Summoned by the Fairy Queen ("Iolanthe! From thy dark exile thou art summoned"), Iolanthe rises from the frog-infested stream that has been her home in exile. The Queen, unable to bear punishing her any longer, pardons Iolanthe, who is warmly greeted by the other fairies. Iolanthe tells her sisters that she has a son, Strephon, noting that he's a fairy down to the waist, but his legs are mortal. The fairies laugh that Iolanthe appears too young to have a grown son, as one of the advantages of a fairy's immortality is that they never grow old. Strephon, a handsome Arcadian shepherd, arrives and meets his aunts ("Good-morrow, good mother"). He tells Iolanthe of his love for the Lord Chancellor's ward of court, the beautiful Phyllis, who does not know of Strephon's mixed origin. Strephon is despondent, however, as the Lord Chancellor has forbidden them to marry, partly because he feels that a shepherd is unsuitable for Phyllis, but partly because the Lord Chancellor wishes to marry Phyllis himself. In fact, so do half the members of Britain's House of Lords. The Fairy Queen promises her assistance ("Fare thee well, attractive stranger"). Soon Phyllis arrives, and she and Strephon share a moment of tenderness as they plan their future and possible elopement ("Good-morrow, good lover"; "None shall part us from each other").
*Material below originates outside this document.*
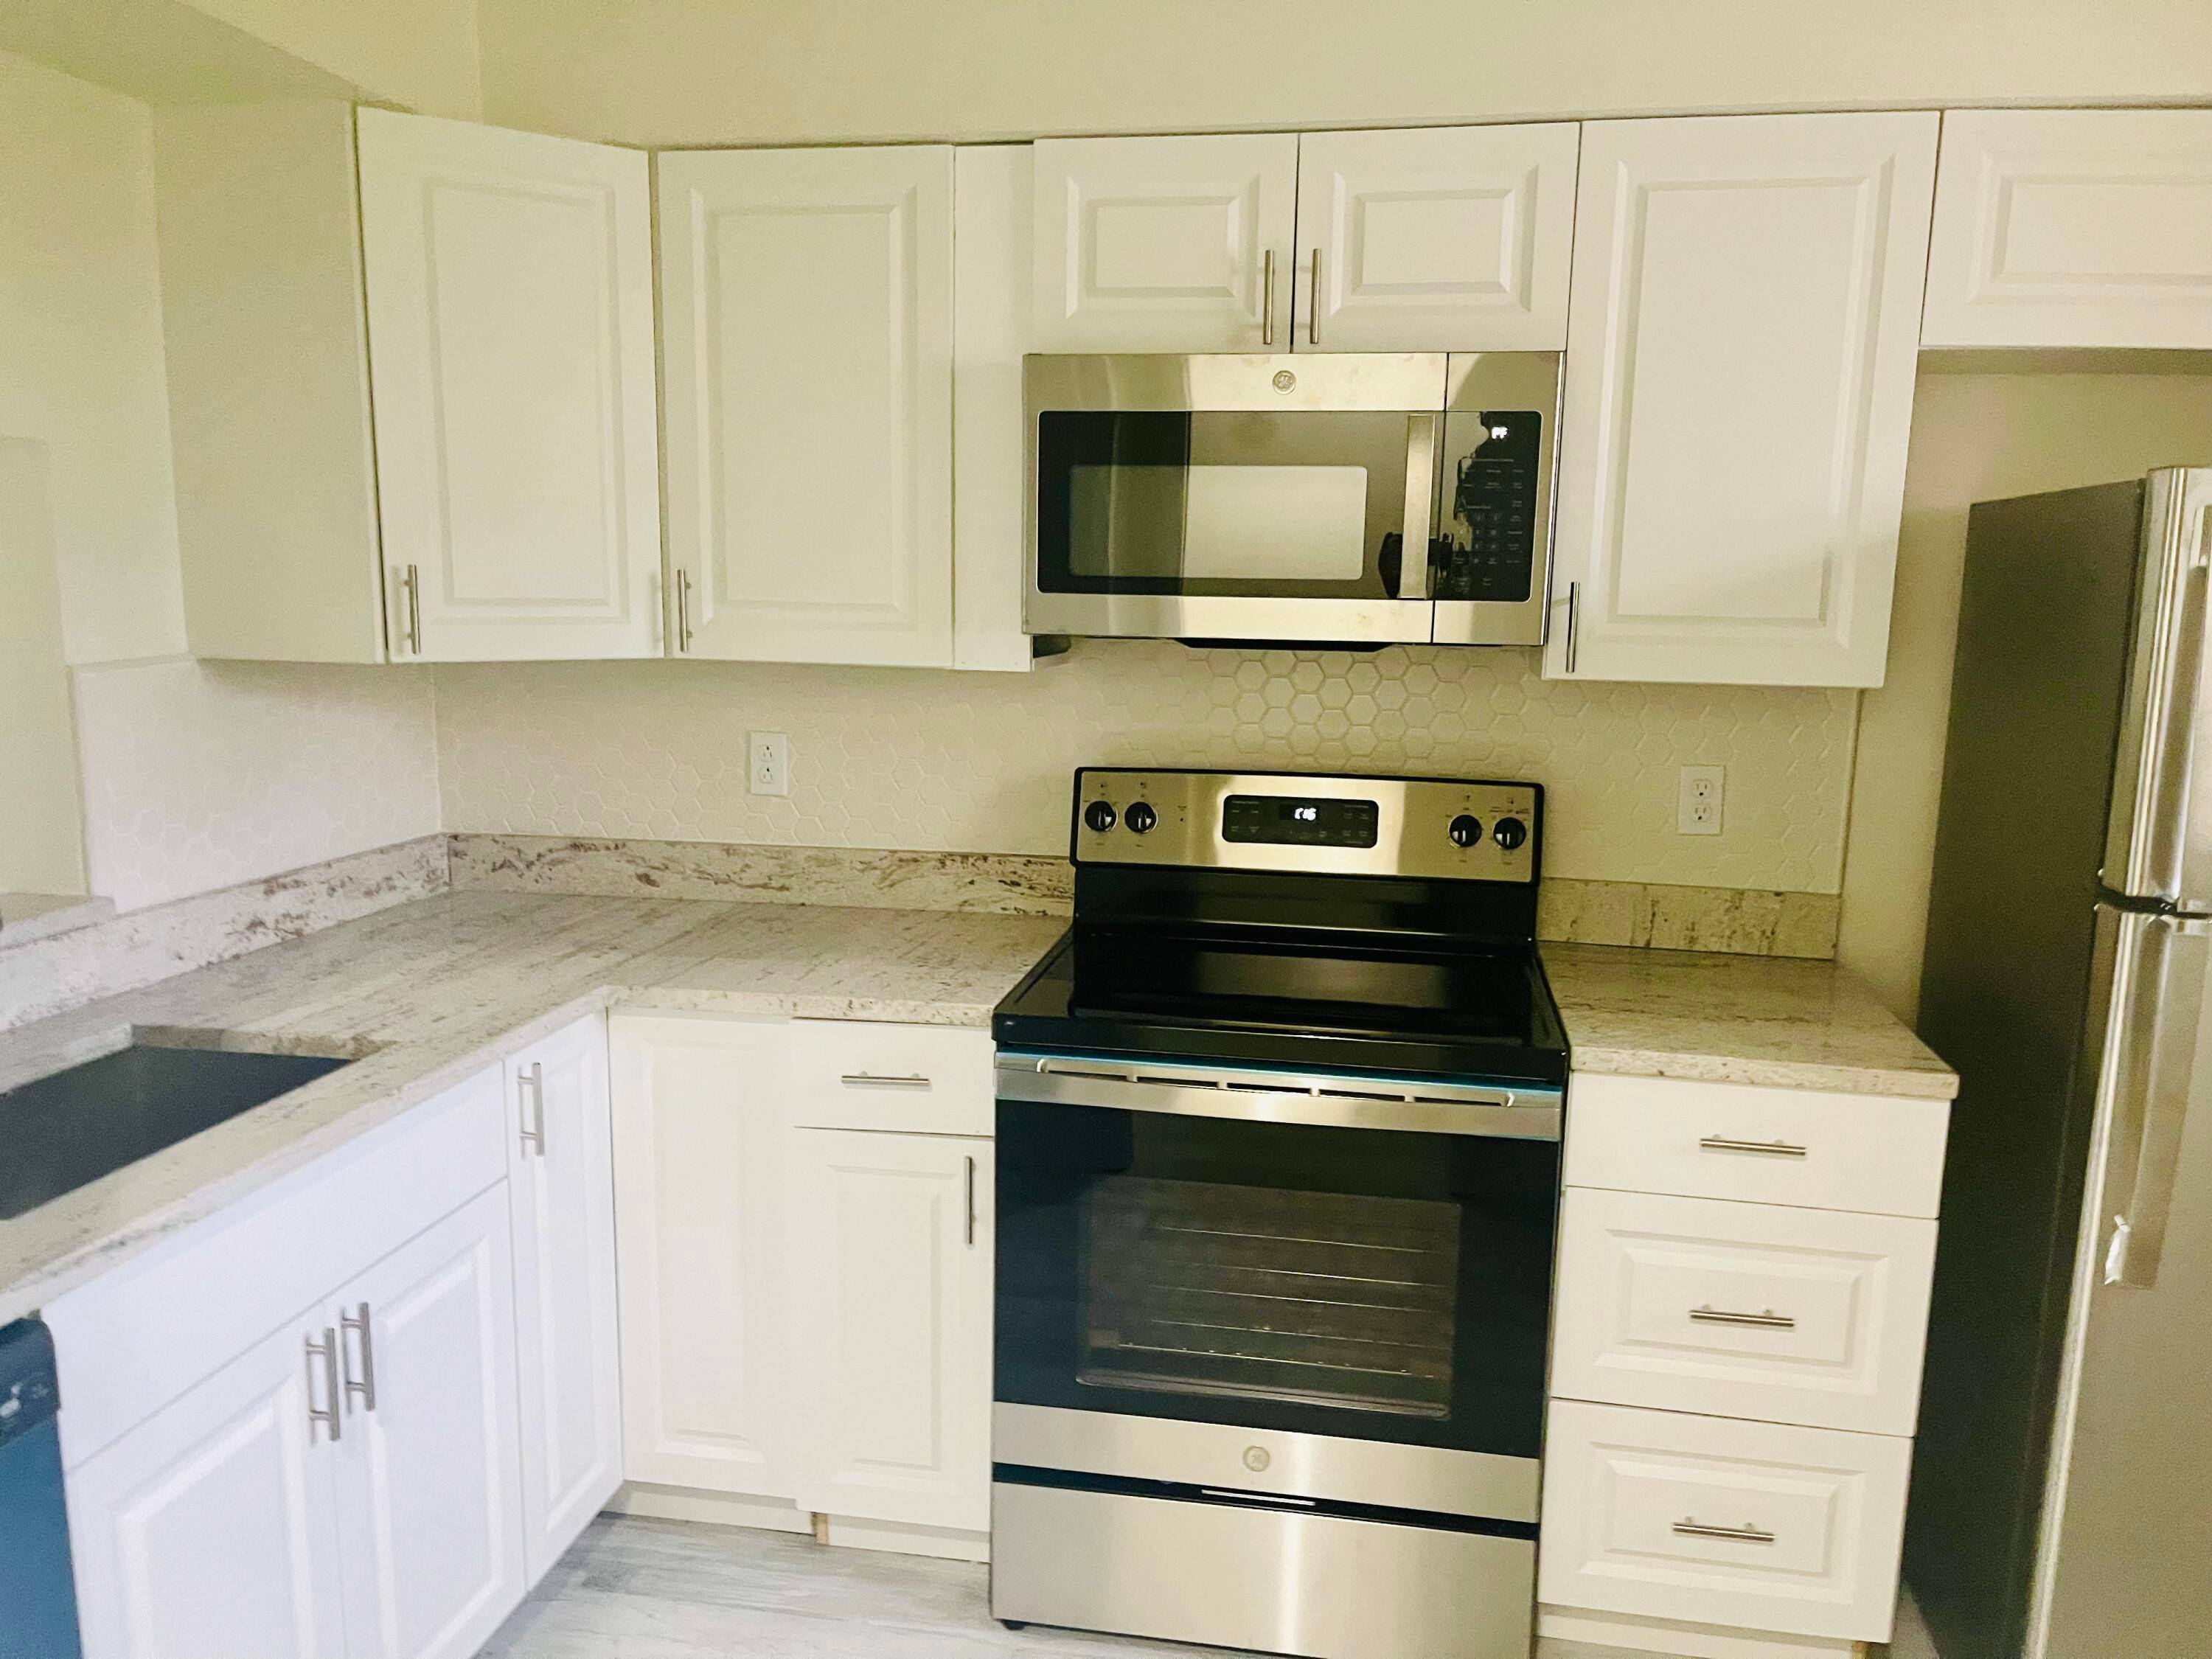 Newly renovated 2 bed 1. 5 bath condo with a pool in a gated community.
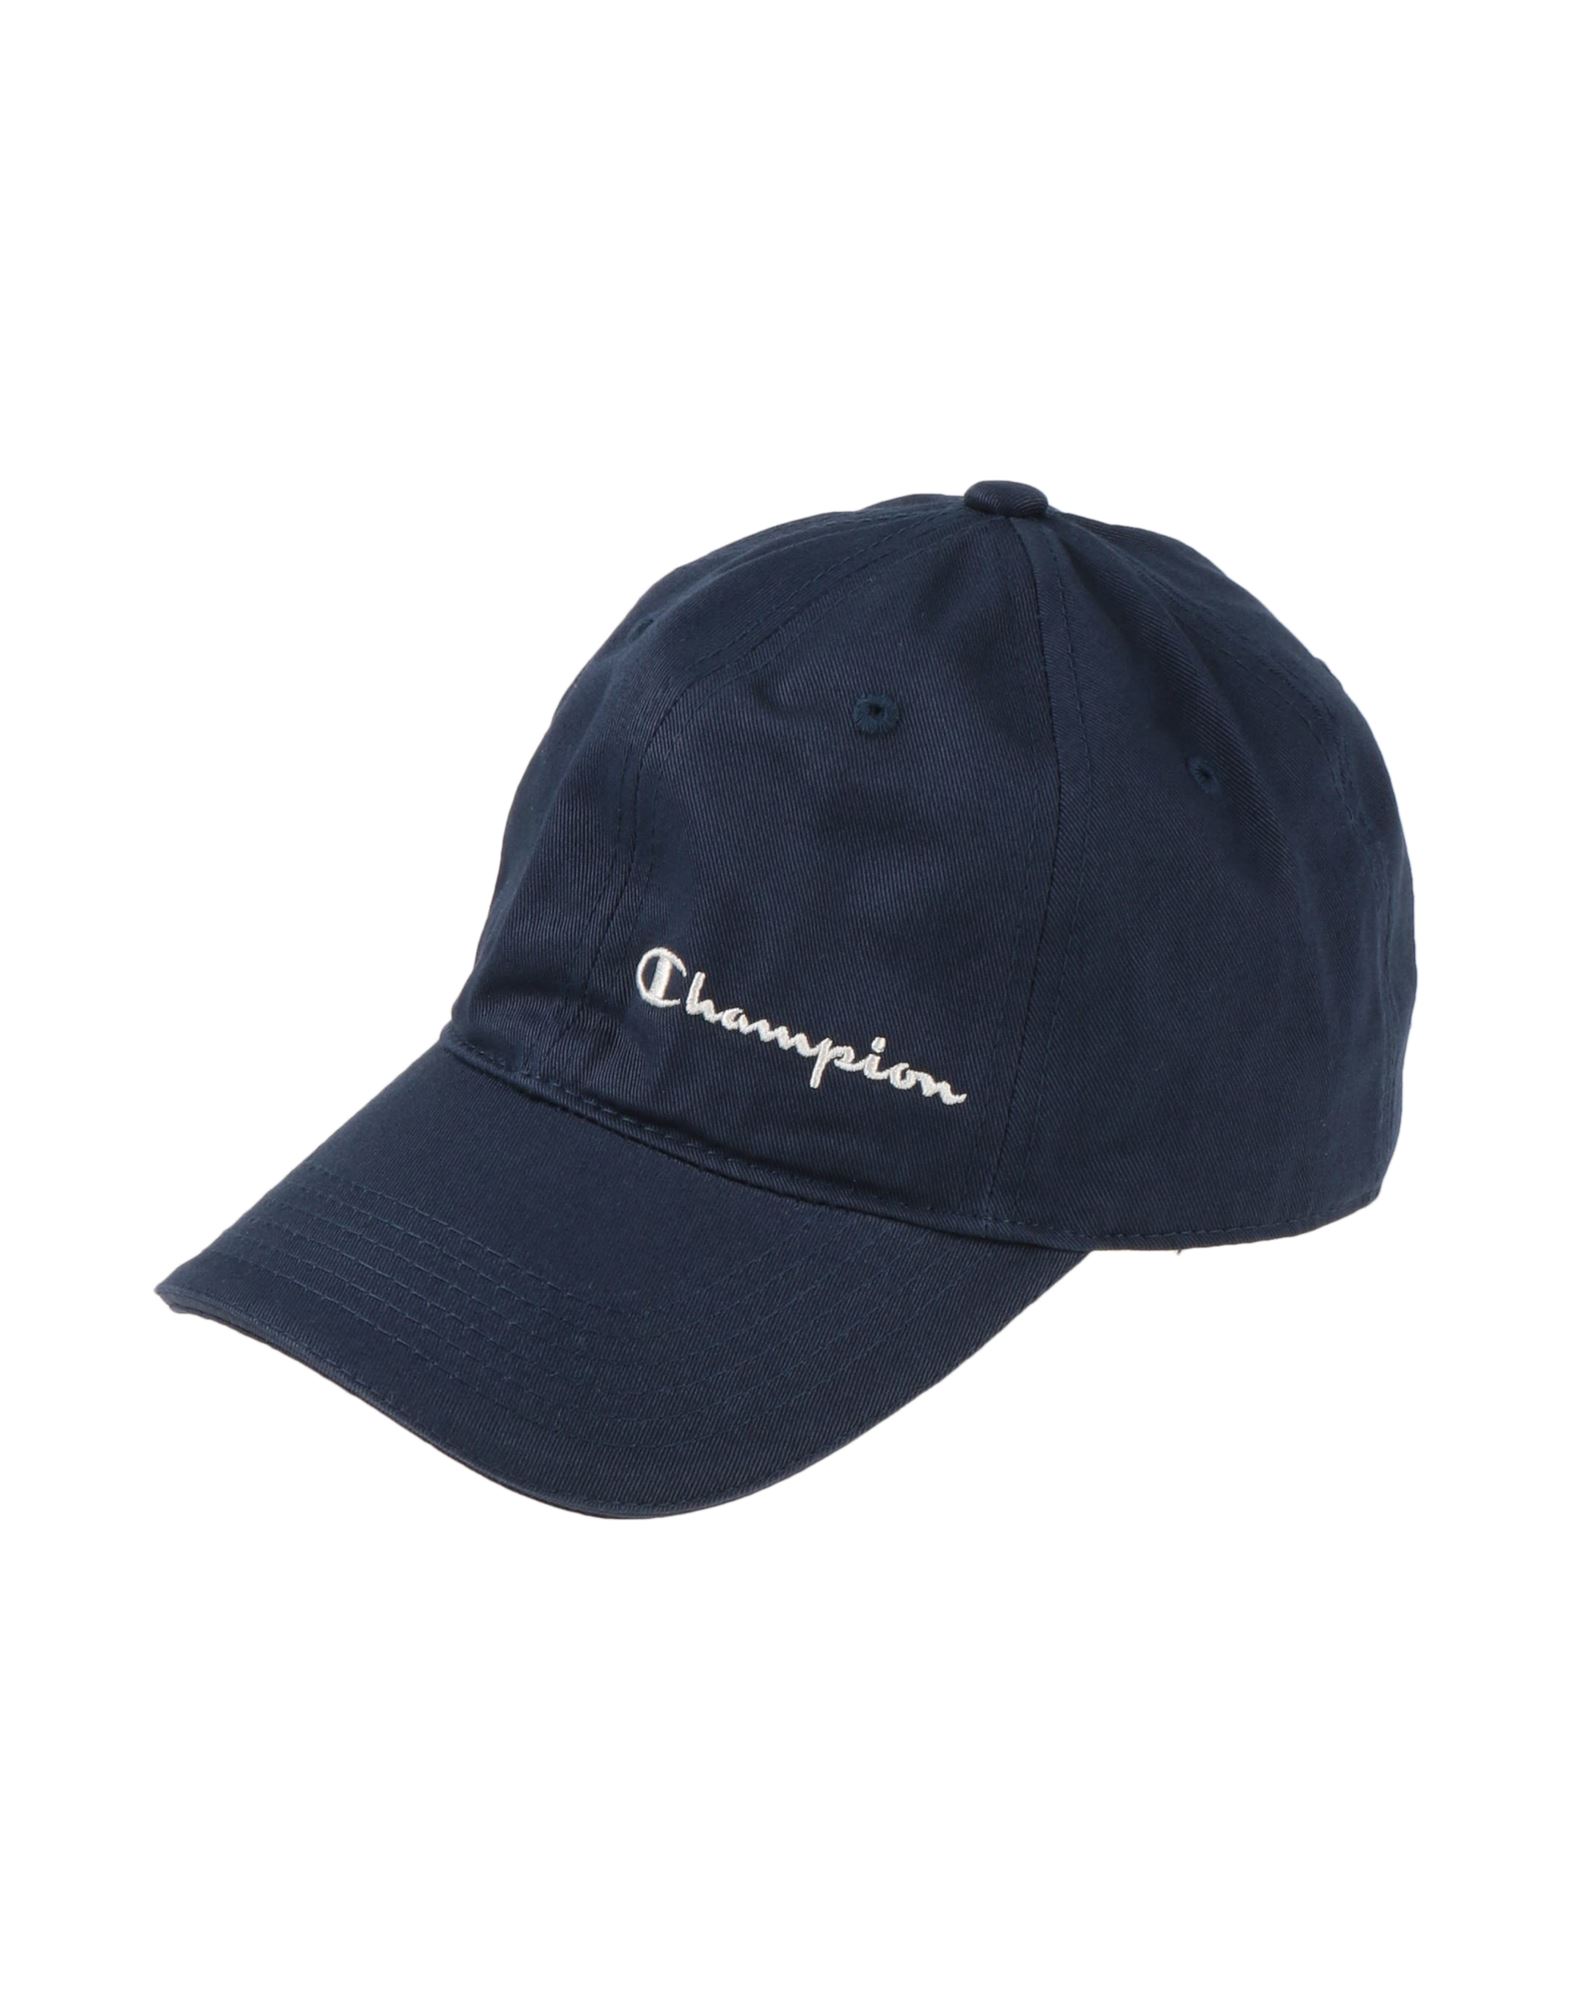 Champion Hats In Navy Blue

A cadre of the peers of the realm arrive in noisy splendour ("Loudly let the trumpet bray") with the Lord Chancellor ("The law is the true embodiment"). They are all smitten with Phyllis, and they have appealed to the Lord Chancellor to decide who will have her hand. The Lord Chancellor hesitates to act upon his own regard for Phyllis due to his position as her guardian. The Lords send for Phyllis to choose one of their number, but she will not marry any of them, as virtue is found only in a "lowly" cottage ("My well-loved Lord" and "Nay, tempt me not"). The peers beg her not to scorn them simply because of their "blue blood" ("Spurn not the nobly born" and "My lords, it may not be"). Strephon approaches the Lord Chancellor, pleading that Nature bids him marry Phyllis. But the Lord Chancellor wryly notes that Strephon has not presented sufficient evidence that Nature has interested herself in the matter. He refuses his consent to the marriage between Strephon and Phyllis ("When I went to the Bar").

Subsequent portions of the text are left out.